The Balkan nation's two-year political crisis was triggered by a surveillance scandal that forced veteran VMRO-DPMNE leader Nikola Gruevski to resign a year ago.

The crisis was the worst since Western diplomacy helped drag the country of 2.1 million people back from the brink of civil war during an ethnic Albanian insurgency in 2001, promising it a path to membership of the European Union and of NATO.

VMRO-DPMNE won 51 seats to the Social Democrats' 49 in December's poll.

Macedonia's ethnic Albanian parties had made their support for any potential coalition conditional on the passage of a law backing broader use of their language in the country.

The Democratic Union of Integration, the biggest ethnic Albanian party in parliament, said on Wednesday it had agreed with the Social Democrats on such a law but did not give details and suggested agreements were needed in other policy areas.

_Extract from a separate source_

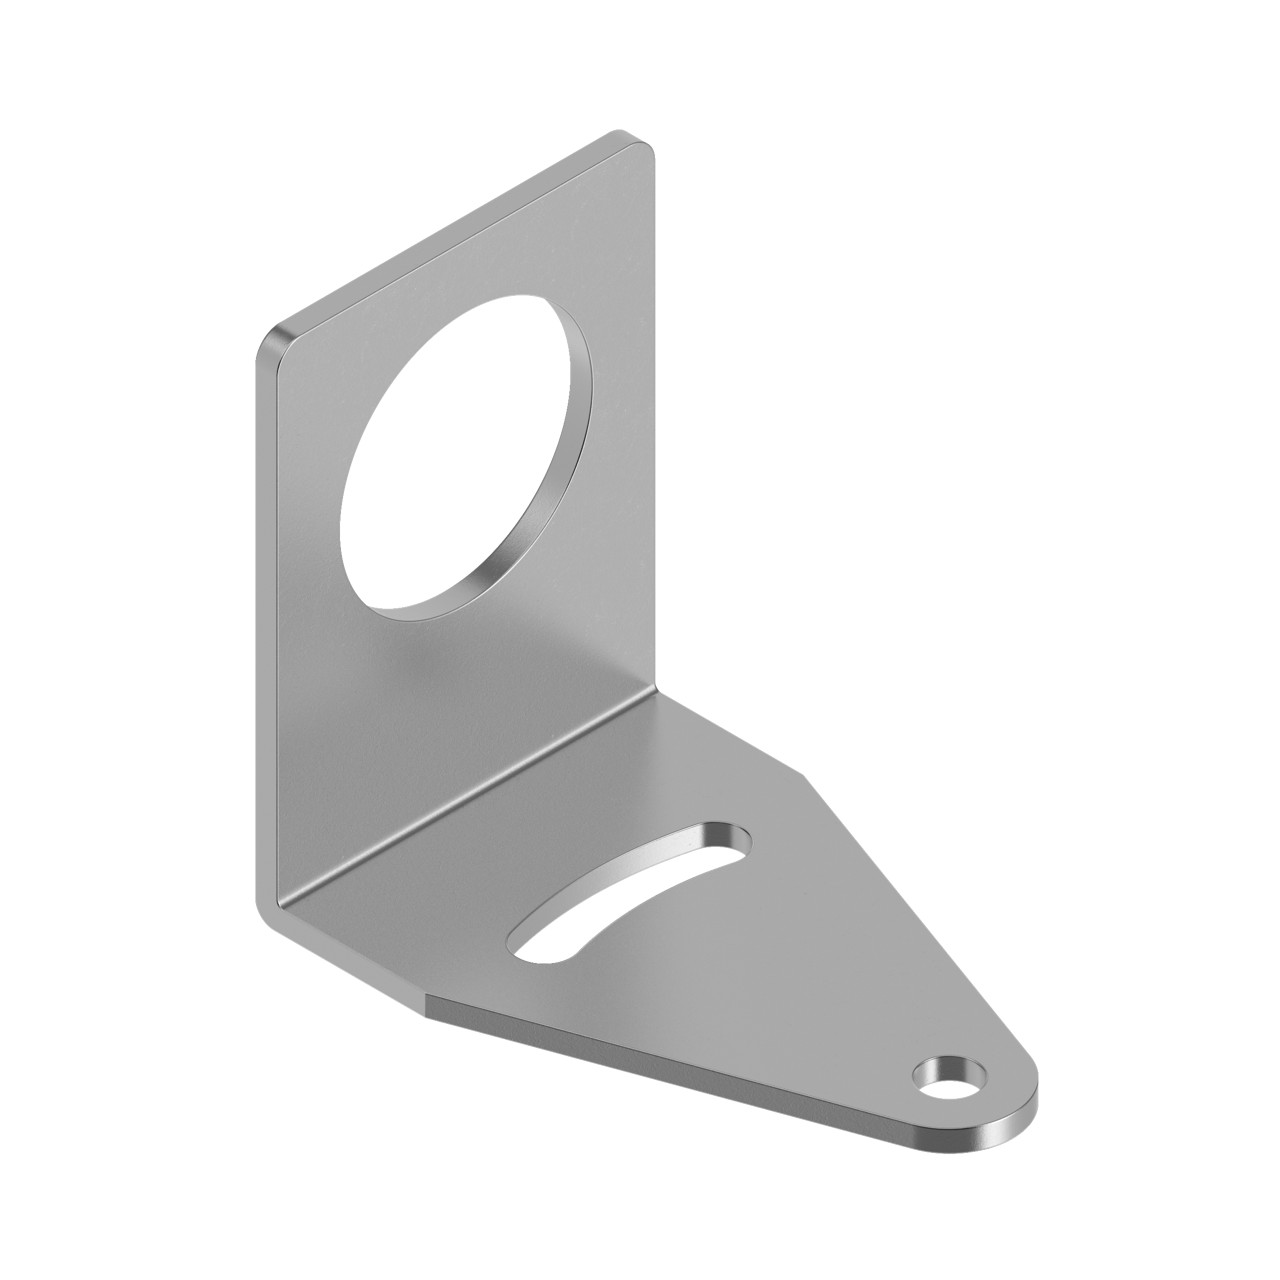 SMB30A - Bracket: Right-Angle Mounting; Material: 12 Gauge Stainless Steel; Curved mounting slot for versatility/orientation; Clearance for M6 (1/4 in

Albanian is currently an official language only in municipalities where Albanians account for more than 20 percent of the population.

"It's true that yesterday we overcame an important hurdle.

But there are still other issues that have to be agreed if we are to decide to govern together in the next period," DUI spokesman Bujar Osmani told reporters. "We have to align our party platforms for the entire mandate."

The other two ethnic Albanian parties, Besa and Alliance for Albanians, which together have eight seats in the parliament, have already said they will support Zaev to form a government.